The application of reinforcement learning or optimal control methods using (deep) neural networks to robot control has been a popular research topic (Gu, Holly, Lillicrap, & Levine, 2017; Levine, Pastor, Krizhevsky, Ibarz, & Quillen, 2018). In particular, model-based policy learning has great potential for use in physical robots due to its sample efficiency (Deisenroth, Fox, & Rasmussen, 2015; Lenz, Knepper, & Saxena, 2015; Nagabandi, Kahn, Fearing, & Levine, 2018). However, most of the previous studies have evaluated their methods in either simulated environments (Pan & Theodorou, 2014; Gupta et al., 2020), real environments but without any external contacts (Deisenroth & Rasmussen, 2011; Gamboa Higuera, Meger, & Dudek, 2018; Lutter, Listmann, & Peters, 2019), or real environments with external contact but for tasks that do not require very precise movements (Deisenroth et al., 2015; Lenz et al., 2015). Conversely, dealing with external contacts and generating accurate motions are inevitable for real robot control tasks, such as precise manipulation. Particularly for a real-time, model-based approach, contact-rich tasks requiring precise movement pose a fundamentally difficult problem (Fazeli, Kolbert, Tedrake, & Rodriguez, 2017). Concretely, a model needs to accurately predict forthcoming contact events within a limited length of time rather than detect them afterward with sensors. Furthermore, we need to train such accurate models from a limited number of training samples because acquiring data from a physical system is costly and time-consuming. Therefore, in the study we present in this letter, we develop both a neural network structure for modeling contact-rich dynamics and a sample-efficient training procedure for the network.

As a sample efficient training procedure, we develop a two-stage model learning method that utilizes human demonstration for contact-rich tasks. We train a contact-free dynamics model using random movement data in the first stage. In the second stage, we sample contact-rich data by making the robot track human-demonstrated contact-rich trajectories using the derived model-based controller from the first stage. We then used these movement data sampled through the trajectory tracking to train a model that implicitly includes contact dynamics (see Figure 1b).

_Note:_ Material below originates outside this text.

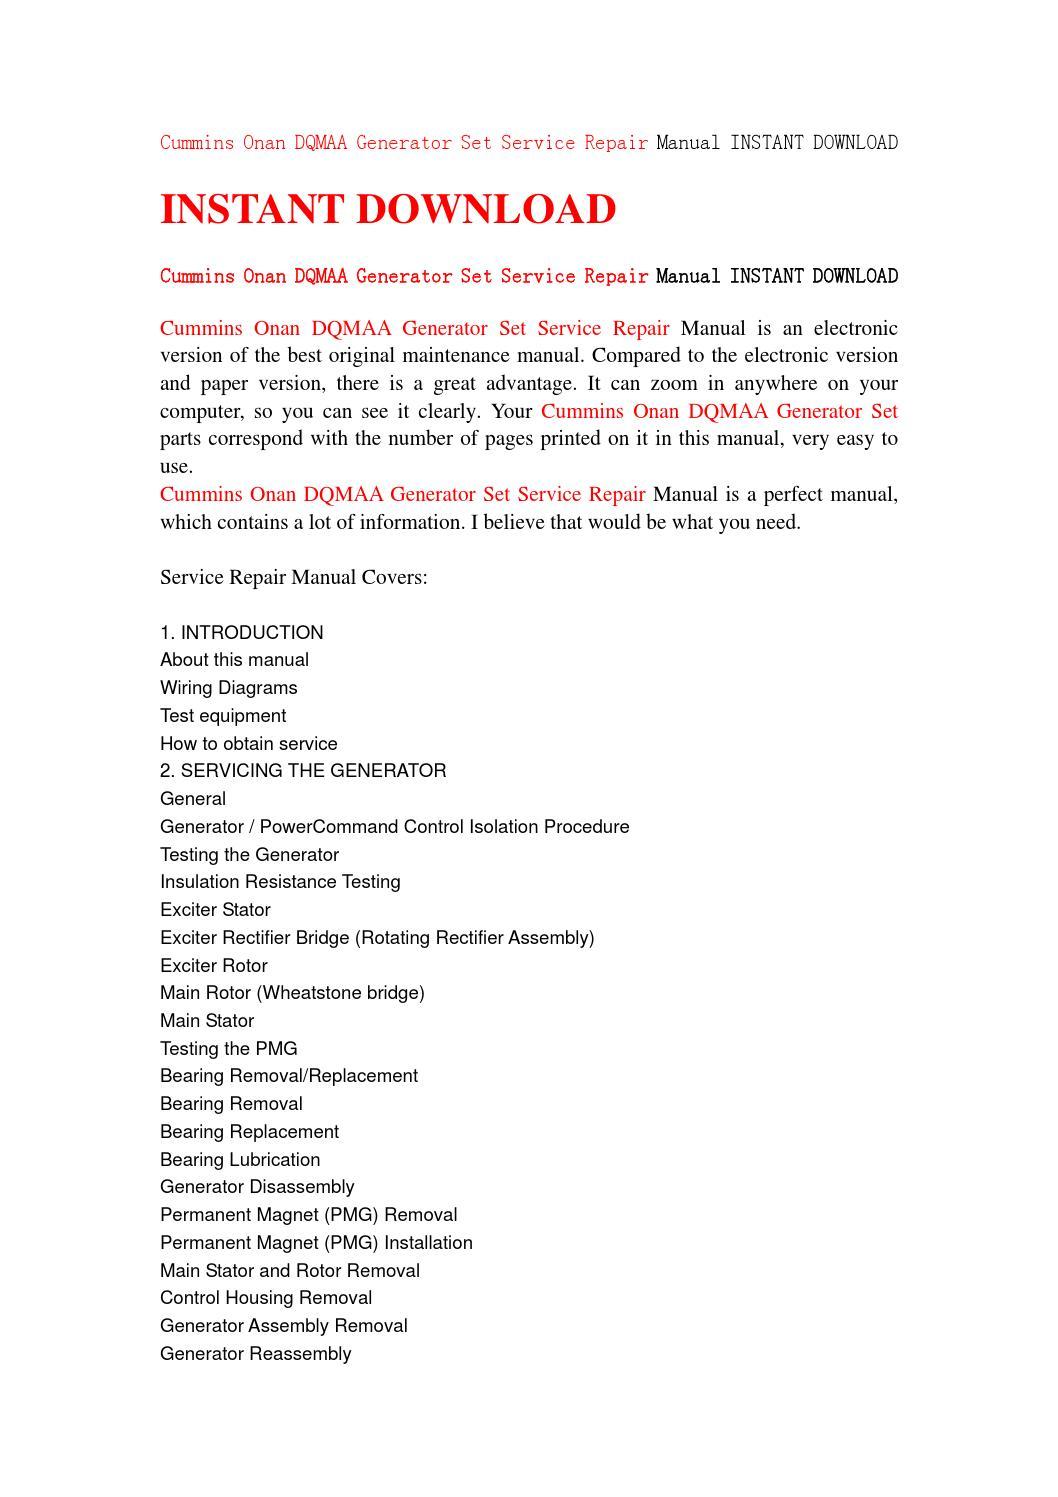 Cummins onan dqmaa generator set service repair manual instant download by  jfhsenf7ye - issuu
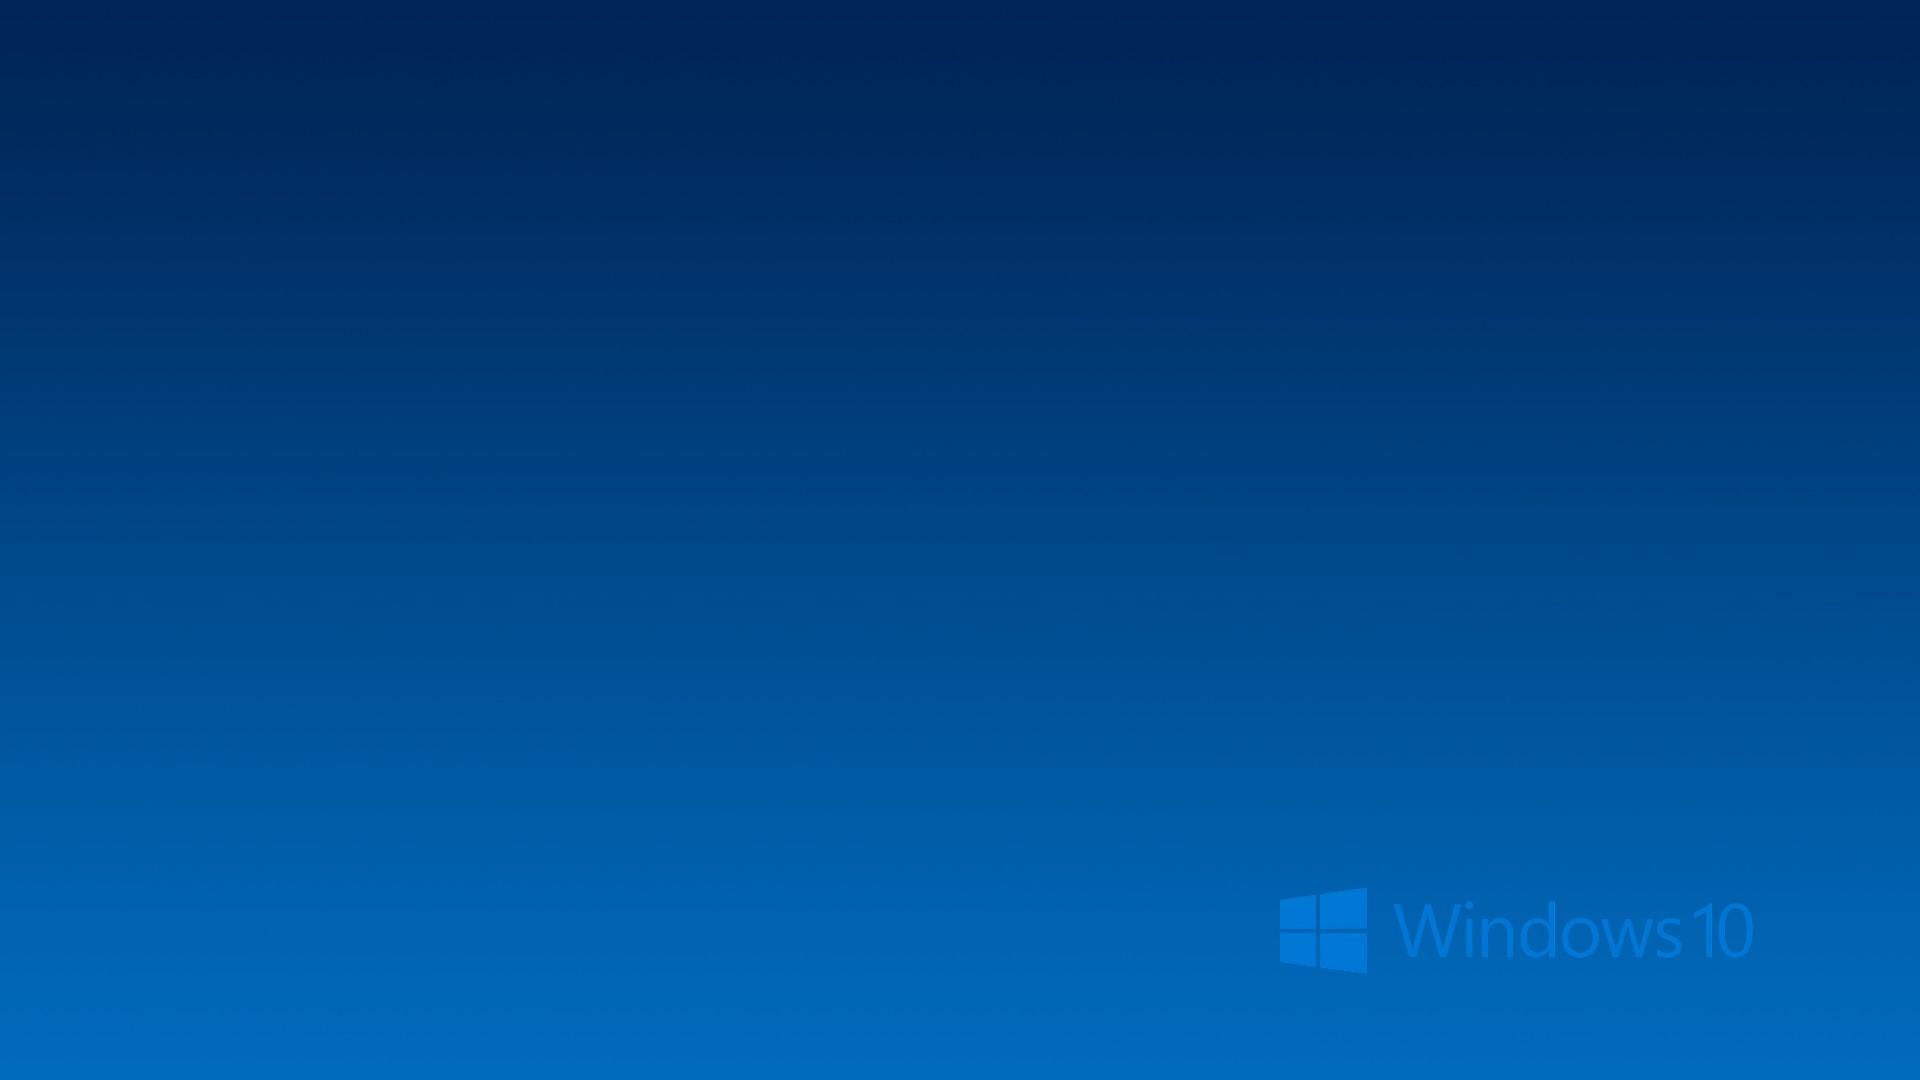 Hd Wallpaper Windows 10 With High-resolution Pixel - Windows 10 Background Blue - HD Wallpaper

We adopt model predictive control (MPC) as an online model-based control method to generate real-time robot movements using the neural network model. The models used in previous neural network–based MPC (NN-MPC) studies vary in both input domain and architecture; for example, they used camera images with convolutional neural networks (Lenz et al., 2015; Finn & Levine, 2017; Zhang et al., 2019) or joint angles and velocities with a fully connected network (Nagabandi et al., 2018). We propose to use the joint angles and velocities to model system dynamics and introduce physics-based structural constraints into the network architecture. Our structured NN-MPC (SNN-MPC) combines MPC with the structured neural network for dynamics modeling.

Introducing physical knowledge of rigid-body dynamics into neural network models has also been explored. Díaz Ledezma and Haddadin (2017) embedded a robotic system's kinematic structure into a neural network. They focused on learning an inverse dynamics model and did not apply their technique for model-based control. Lutter et al. (2019) proposed representing the Lagrangian mechanics as the neural network structure and applied the learned model to a real pendulum control. However, they did not consider contact forces from the environment. Also, since the Lagrangian formulation provides the inverse dynamics, the inertia matrix needs to be inverted to derive the forward model. Gupta, Menda, Manchester, and Kochenderfer (2020) additionally introduced a network to predict dissipative forces such as joint friction, while Lutter et al. (2019) needed to measure these forces, but evaluations were limited in simulation environments. Zhong, Dey, and Chakraborty (2021) proposed an approach to incorporate a contact model into energy-conserving neural networks that take advantage of physical knowledge of Lagrangian (Lutter et al., 2019) or Hamiltonian mechanics (Greydanus, Dzamba, & Yosinski, 2019; Finzi, Wang, & Wilson, 2020) with adopting an idea introduced in Agrawal et al. (2019). To activate the contact model, they needed to detect contact events. Moreover, in their evaluations, they focused on simulating target dynamics rather than controlling mechanical systems.

In our approach, we design a network to represent the forward dynamics to use with MPC. Inverse calculation for the inertia matrix is not necessary. Furthermore, we take into account the existence of the contact forces in our network structure. An interesting feature of our approach is that we do not need to explicitly detect the contact event to derive the contact forces. The proposed network rather predicts the contact forces from the current state and control variables. As a contact-rich task for experimental evaluation, we employed a trackball manipulation task using a real 3-DoF finger robot. Results show that the manipulation performance of the SNN-MPC, which has the constrained network models with explicit inertia-matrix representation, was better than that of a conventional fully connected network model. We also evaluated control performance with different control periods to clarify the importance of fast calculation of the network model, that is, the importance of a small control time step, for the precise manipulation task.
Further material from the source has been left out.